Dr. János Tóth is an Adjunct Assistant Professor at the Department of Data Science and Visualization within the Faculty of Informatics at the University of Debrecen. His research focuses on optimization of ensemble systems and big data analytics. Institution: University of Debrecen School: Faculty of Informatics Department: Data Science and Visualization Rank: Adjunct Assistant Professor Email: toth.janos@inf.unideb.hu Research Interests: Dr. Tóth specializes in optimizing ensemble systems for medical image analysis and big data processing. His work spans: Parameter optimization techniques for ensemble models Integration of classical image processing with deep learning Medical data visualization solutions Applications in diabetic retinopathy detection Handling unstructured Hungarian medical reports Cloud-based machine learning pipelines Publication Trends: Over the past decade, Dr. Tóth's research has shown consistent focus on medical image analysis (particularly fundus and Pap smear imaging) combined with ensemble learning approaches. His work includes algorithm optimization (2014-2022), data visualization techniques (2012-2024), and natural language processing for Hungarian medical reports (2024). Recent publications (2024) demonstrate continued innovation in machine learning applications for both healthcare and business domains.

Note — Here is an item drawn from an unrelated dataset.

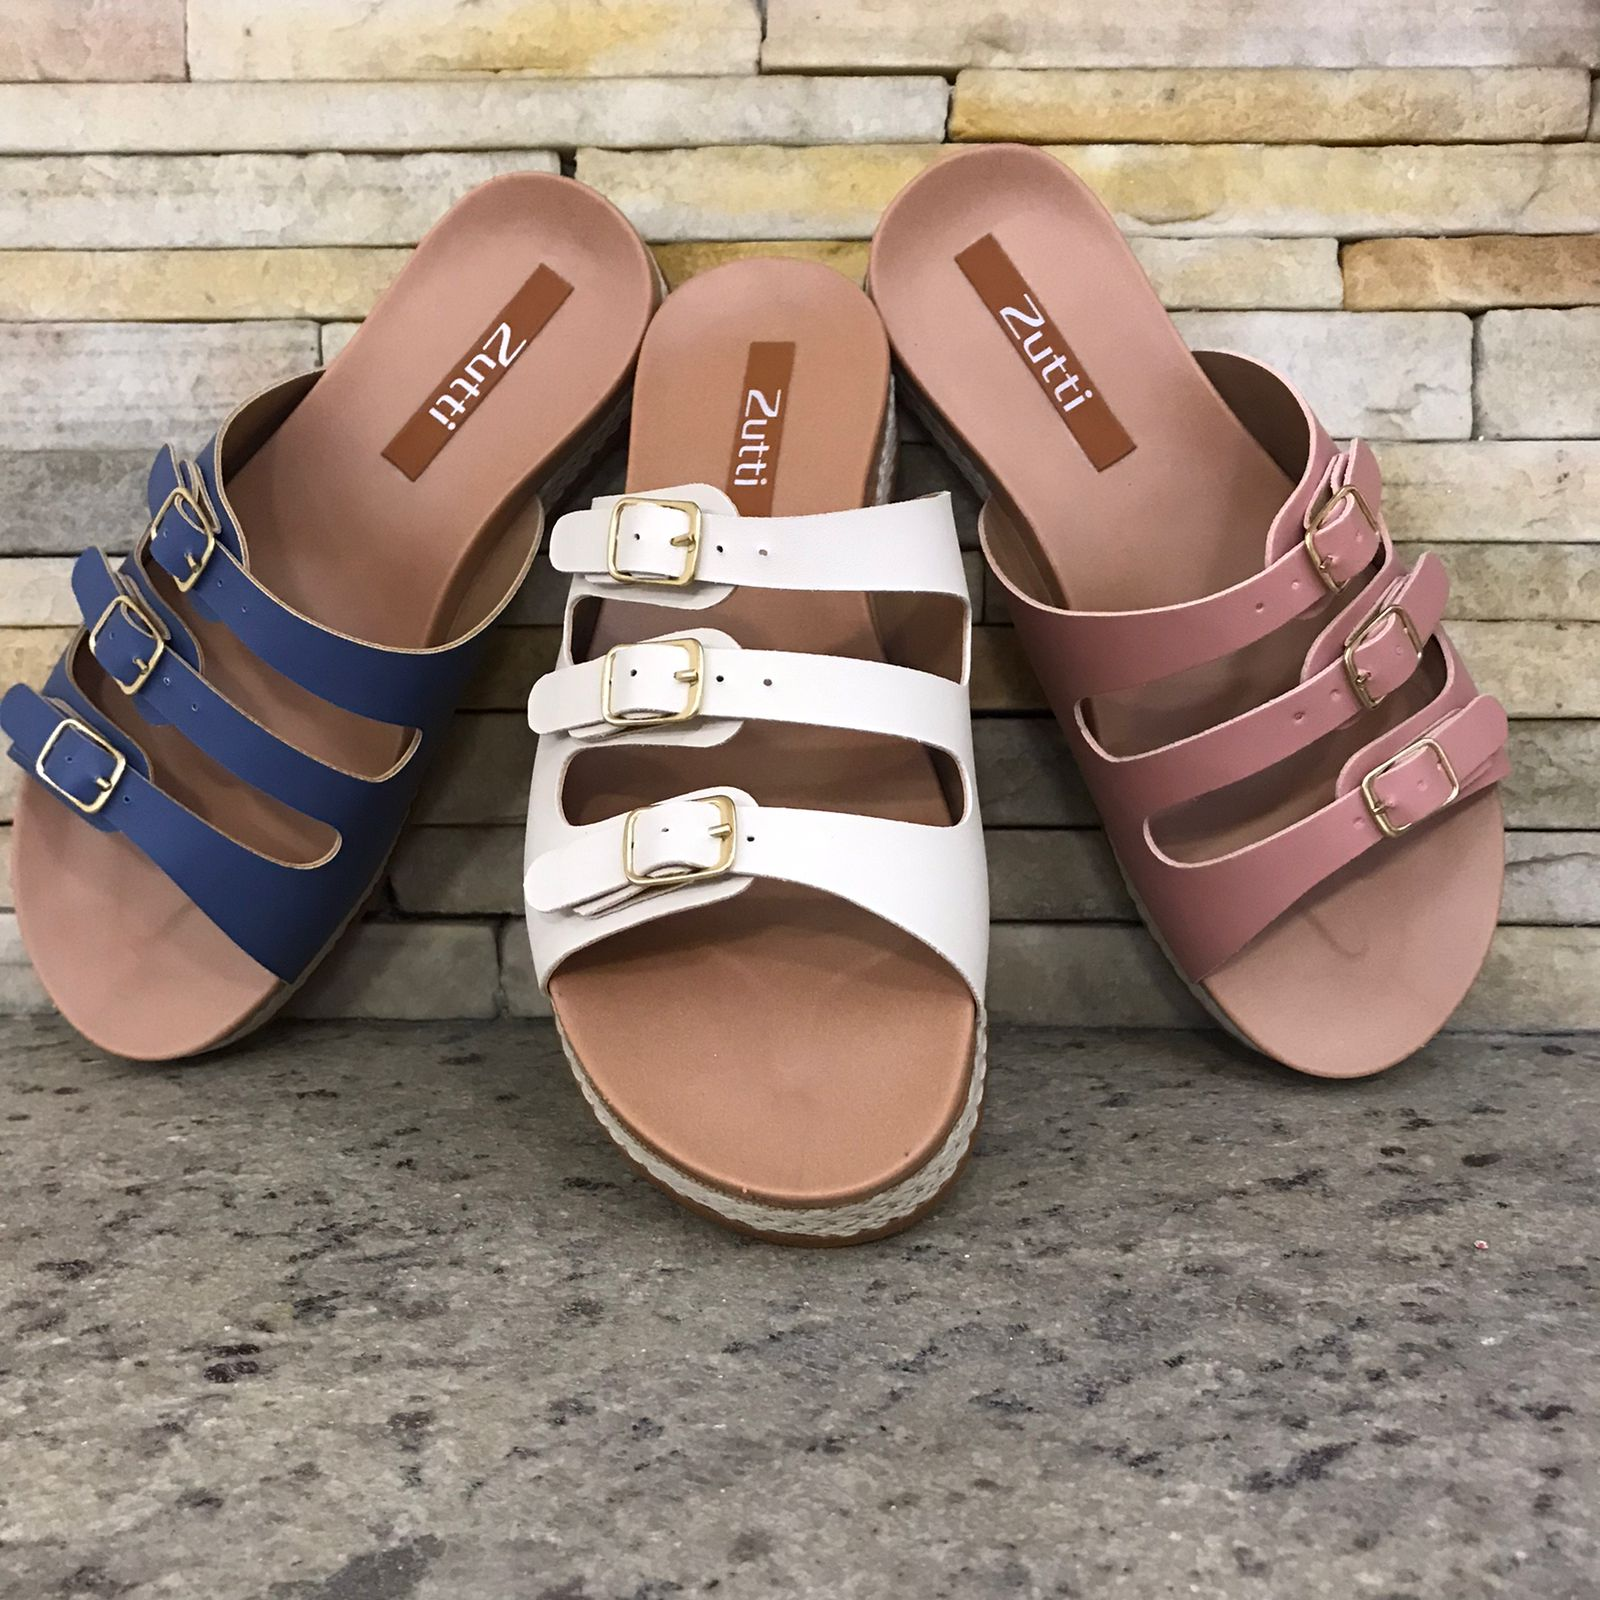 Sandália flatform conforto com tiras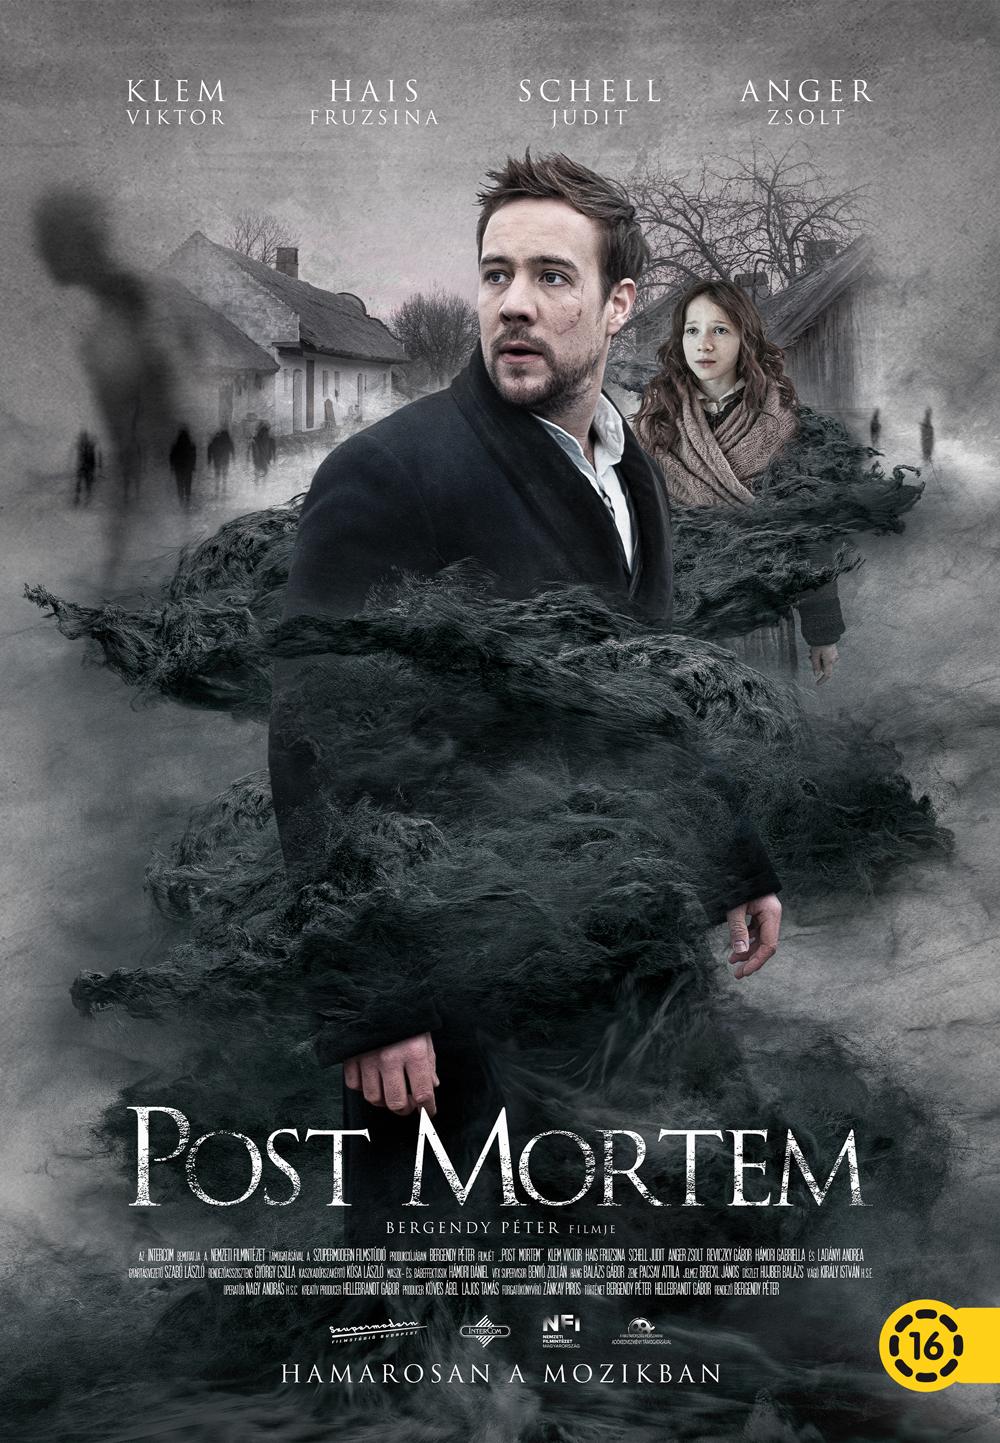 post_mortem_online_mozi_plakat.jpg

Dávid Szabó is a habilitated Associate Professor at the Institute of Romance Studies , Department of French Language and Literature , Eötvös Loránd University. His academic profile bridges sociolinguistics , focusing on argot and slang studies in French-Hungarian contexts, with computer graphics and C# software development . He has contributed to diverse fields, including AI in education , sustainable finance , and real-time graphics APIs . Research Highlights: His work explores the intersection of language evolution and technology, with recent publications on Green Finance , AI-driven educational tools , and parallel processing in graphics programming . He investigates linguistic taboos in Hungarian politics and translation challenges of urban French slang into Hungarian, while developing educational software like StudyHelper. Technical Contributions: Szabó has pioneered the integration of modern C# with graphics APIs (Vulkan, OpenGL) for real-time rendering , creating frameworks for multi-platform applications and shader program development . His technical papers emphasize code efficiency, API abstraction, and GPU optimization.